Task brief
Go through each line of the records below and count those with the word "Dress". Give only the count.

Extracted material
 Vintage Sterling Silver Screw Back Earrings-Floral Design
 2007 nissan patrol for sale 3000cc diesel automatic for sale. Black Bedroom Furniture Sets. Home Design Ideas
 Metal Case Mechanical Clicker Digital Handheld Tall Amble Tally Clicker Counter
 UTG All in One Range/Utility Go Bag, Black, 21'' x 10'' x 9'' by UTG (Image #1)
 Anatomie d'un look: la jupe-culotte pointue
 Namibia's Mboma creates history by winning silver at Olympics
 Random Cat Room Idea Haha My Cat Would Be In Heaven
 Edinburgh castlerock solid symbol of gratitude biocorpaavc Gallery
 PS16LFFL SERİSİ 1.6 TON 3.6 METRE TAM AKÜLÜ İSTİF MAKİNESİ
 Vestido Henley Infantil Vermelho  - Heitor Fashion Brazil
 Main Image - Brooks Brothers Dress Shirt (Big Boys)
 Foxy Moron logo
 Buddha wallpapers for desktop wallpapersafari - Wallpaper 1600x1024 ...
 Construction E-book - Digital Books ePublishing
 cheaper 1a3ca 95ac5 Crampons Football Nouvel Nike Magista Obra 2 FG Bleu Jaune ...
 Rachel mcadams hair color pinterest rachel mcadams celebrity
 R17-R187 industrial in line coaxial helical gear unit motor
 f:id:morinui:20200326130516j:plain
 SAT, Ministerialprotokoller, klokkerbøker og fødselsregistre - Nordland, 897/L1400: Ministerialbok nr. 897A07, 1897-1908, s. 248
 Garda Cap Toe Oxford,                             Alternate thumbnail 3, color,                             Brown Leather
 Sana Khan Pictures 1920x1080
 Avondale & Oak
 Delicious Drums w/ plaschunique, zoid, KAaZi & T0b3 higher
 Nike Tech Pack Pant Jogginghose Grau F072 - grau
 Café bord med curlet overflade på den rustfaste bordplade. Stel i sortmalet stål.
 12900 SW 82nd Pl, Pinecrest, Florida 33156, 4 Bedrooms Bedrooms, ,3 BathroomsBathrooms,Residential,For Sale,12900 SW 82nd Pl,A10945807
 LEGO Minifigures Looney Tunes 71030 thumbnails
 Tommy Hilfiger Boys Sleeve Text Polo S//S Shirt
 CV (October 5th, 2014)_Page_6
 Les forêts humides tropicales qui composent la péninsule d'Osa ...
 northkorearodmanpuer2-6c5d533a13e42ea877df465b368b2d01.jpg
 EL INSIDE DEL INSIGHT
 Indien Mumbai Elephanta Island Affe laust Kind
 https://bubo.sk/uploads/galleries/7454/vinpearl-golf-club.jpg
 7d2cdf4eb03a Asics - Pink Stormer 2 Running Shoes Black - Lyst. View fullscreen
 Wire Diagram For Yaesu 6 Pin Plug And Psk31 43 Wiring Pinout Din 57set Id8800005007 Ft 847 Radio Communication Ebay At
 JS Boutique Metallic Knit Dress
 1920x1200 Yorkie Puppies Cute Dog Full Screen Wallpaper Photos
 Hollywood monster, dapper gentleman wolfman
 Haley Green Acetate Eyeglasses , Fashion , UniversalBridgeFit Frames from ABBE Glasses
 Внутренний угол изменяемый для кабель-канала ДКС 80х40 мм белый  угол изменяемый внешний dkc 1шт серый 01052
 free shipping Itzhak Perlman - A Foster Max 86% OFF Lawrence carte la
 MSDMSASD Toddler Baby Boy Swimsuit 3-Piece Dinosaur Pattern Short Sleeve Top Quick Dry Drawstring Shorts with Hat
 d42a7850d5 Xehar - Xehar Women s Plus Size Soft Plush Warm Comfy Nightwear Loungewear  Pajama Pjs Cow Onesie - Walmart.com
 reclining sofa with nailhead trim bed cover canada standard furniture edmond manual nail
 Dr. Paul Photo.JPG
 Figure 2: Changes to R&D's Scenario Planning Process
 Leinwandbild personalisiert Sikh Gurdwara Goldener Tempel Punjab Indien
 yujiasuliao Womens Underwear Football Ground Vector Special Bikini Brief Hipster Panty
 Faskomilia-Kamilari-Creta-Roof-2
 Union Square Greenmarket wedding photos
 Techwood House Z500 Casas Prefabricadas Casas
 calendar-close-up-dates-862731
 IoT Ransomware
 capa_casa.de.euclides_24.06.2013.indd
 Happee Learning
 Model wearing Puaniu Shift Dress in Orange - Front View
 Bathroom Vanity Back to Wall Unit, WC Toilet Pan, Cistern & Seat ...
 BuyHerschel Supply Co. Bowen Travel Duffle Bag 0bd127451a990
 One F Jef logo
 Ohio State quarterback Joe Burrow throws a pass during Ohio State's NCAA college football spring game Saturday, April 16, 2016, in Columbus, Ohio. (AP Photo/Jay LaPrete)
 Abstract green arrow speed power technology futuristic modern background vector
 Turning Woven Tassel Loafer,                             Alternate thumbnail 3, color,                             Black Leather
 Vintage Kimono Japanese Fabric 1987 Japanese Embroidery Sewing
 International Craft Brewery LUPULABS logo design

Completed exercise
3